我没有做的是批量规范化或任何类型的规范化,但我已经对具有相同梯度的相同数据进行了一些操作,并且效果非常好。

我在这里使用的架构如下:

nodes = 128
drp = 0.01

# Defining input layers and shapes
input_train = Input(shape = (complete_inputs.shape[1], complete_inputs.shape[2]))
output_train = Input(shape= (kp_targets.shape[1], kp_targets.shape[2]))

# Masking layer
masking_layer = Masking(mask_value=0, input_shape = input_train.shape)(input_train)

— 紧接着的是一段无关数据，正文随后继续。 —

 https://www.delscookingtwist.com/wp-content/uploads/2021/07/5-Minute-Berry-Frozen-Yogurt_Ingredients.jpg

# Encoder layer. For simple S2S model, we only need the last state_h and the last state_c.
enc_first_layer = Bidirectional(LSTM(nodes, dropout=drp, return_sequences=True, return_state=True))(masking_layer)
enc_first_layer, enc_fwd_h1, enc_fwd_c1, enc_back_h1, enc_back_c1 = Bidirectional(LSTM(nodes, dropout=drp, return_sequences=True, return_state=True))(enc_first_layer)
enc_stack_h, enc_fwd_h2, enc_fwd_c2, enc_back_h2, enc_back_c2 = Bidirectional(LSTM(nodes, dropout=drp, return_sequences=True, return_state=True))(enc_first_layer)

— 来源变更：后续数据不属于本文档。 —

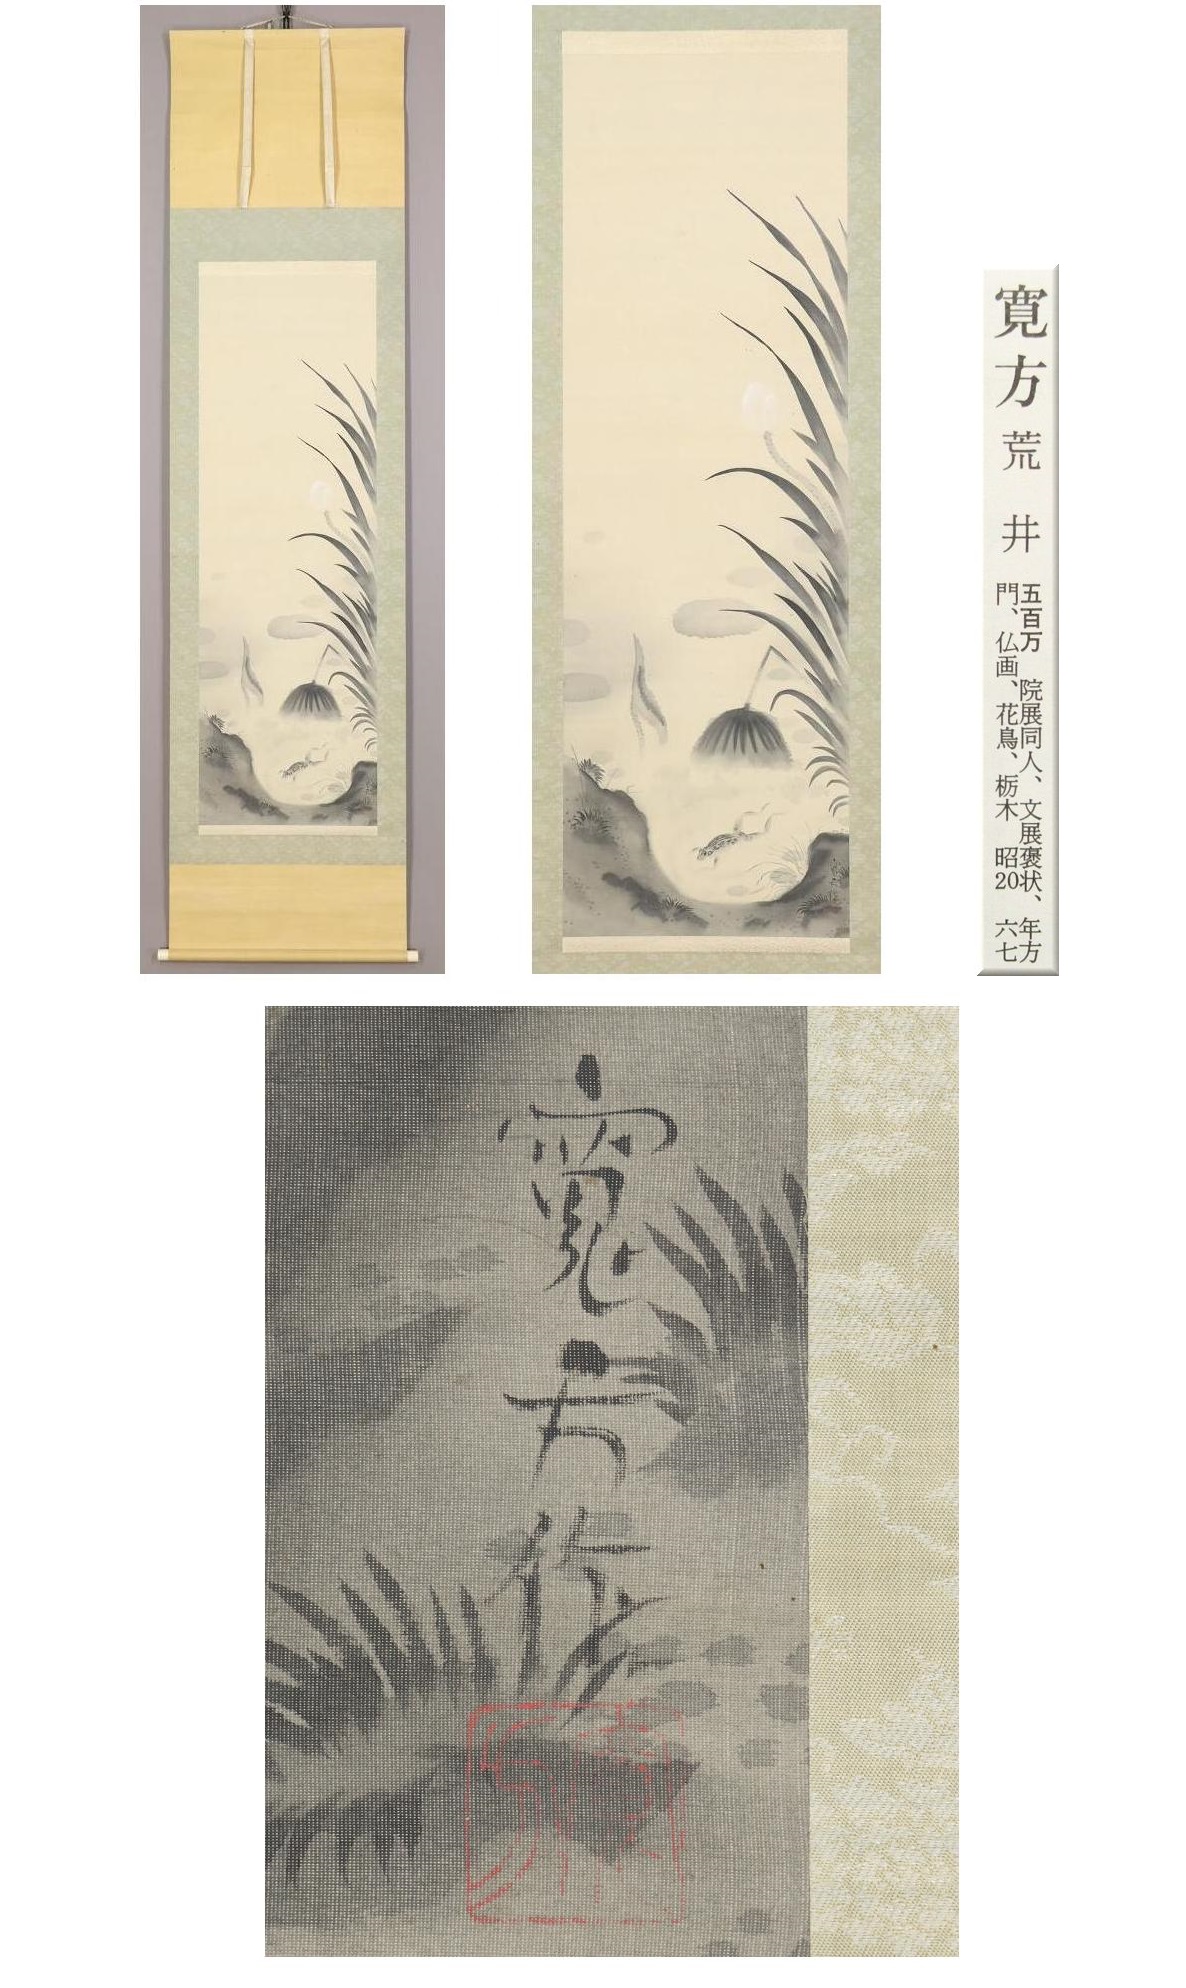 驚きの安さ◆荒井寛方◆蓮池蛙◆日本画◆浮世絵師◆栃木県◆肉筆◆絹本◆掛軸◆m704 花鳥、鳥獣

enc_last_h1 = concatenate([enc_fwd_h1, enc_back_h1])
enc_last_h2 = concatenate([enc_fwd_h2, enc_back_h2])
enc_last_c1 = concatenate([enc_fwd_c1, enc_back_c1])
enc_last_c2 = concatenate([enc_fwd_c2, enc_back_c2])


# RepeatVector layer (using only the last hidden state of encoder)
rv = RepeatVector(output_train.shape[1])(enc_last_h2)

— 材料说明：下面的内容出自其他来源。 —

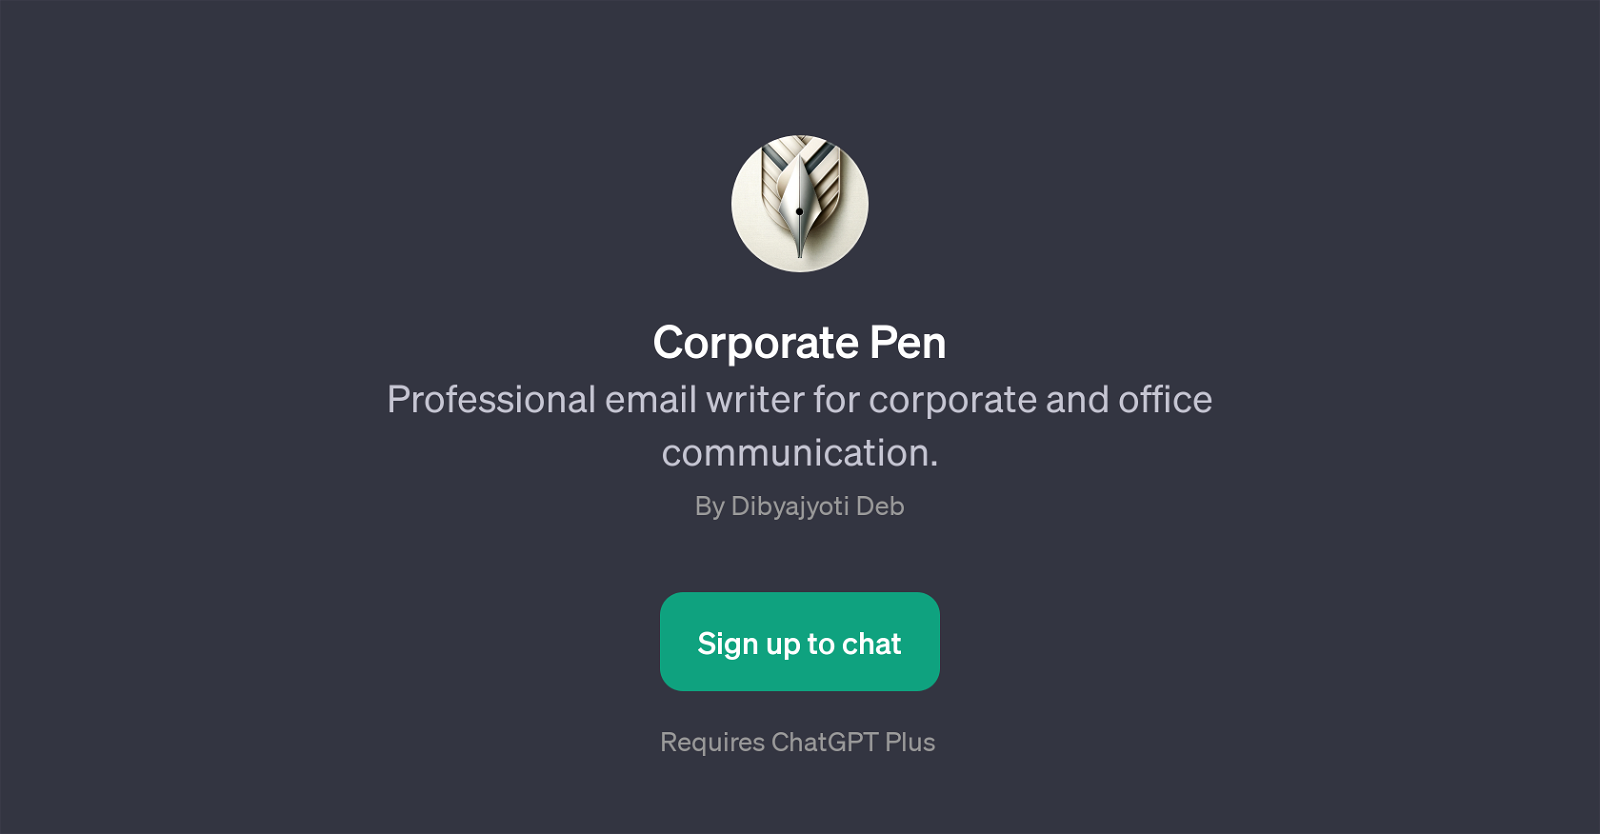 Corporate Pen website

# Stacked decoder layer for alignment score calculation (using the last hidden state of encoder)
dec_stack_h = Bidirectional(LSTM(nodes, dropout=drp, return_state=False, return_sequences=True))(rv, initial_state=[enc_fwd_h1, enc_fwd_c1, enc_back_h1, enc_back_c1])
dec_stack_h = Bidirectional(LSTM(nodes, dropout=drp, return_state=False, return_sequences=True))(dec_stack_h)
dec_stack_h = Bidirectional(LSTM(nodes, dropout=drp, return_state=False, return_sequences=True))(dec_stack_h, initial_state=[enc_fwd_h2, enc_fwd_c2, enc_back_h2, enc_back_c2])


# Attention layer (uses STACKED encoder output and dots it with stacked decoder output)
attention_ = dot([dec_stack_h, enc_stack_h], axes=[2,2])
attention_ = Activation('softmax')(attention_)

# Calculating the context vector
context = dot([attention_, enc_stack_h], axes=[2,1])

# Concat the context vector and stacked hidden states of decoder, and use it as input to the last dense layer
dec_combined_context = concatenate([context, dec_stack_h])


# Output Timedistributed dense layers
out = TimeDistributed(Dense(nodes/2, activation='relu'))(dec_combined_context)
out = TimeDistributed(Dense(output_train.shape[2], activation='linear'))(dec_combined_context)

# Compile model
model_attn = Model(inputs=input_train, outputs=out)
opt = optimizers.Adam(learning_rate=0.004)
model_attn.compile(optimizer=opt, loss=masked_mae)

这里可能出了什么问题?

为了对这个问题有更广泛的看法,我还想到了以下问题:这个模型是不是矫枉过正?是否有另一种机器/深度学习模型更适合用我拥有的数据预测这种输出?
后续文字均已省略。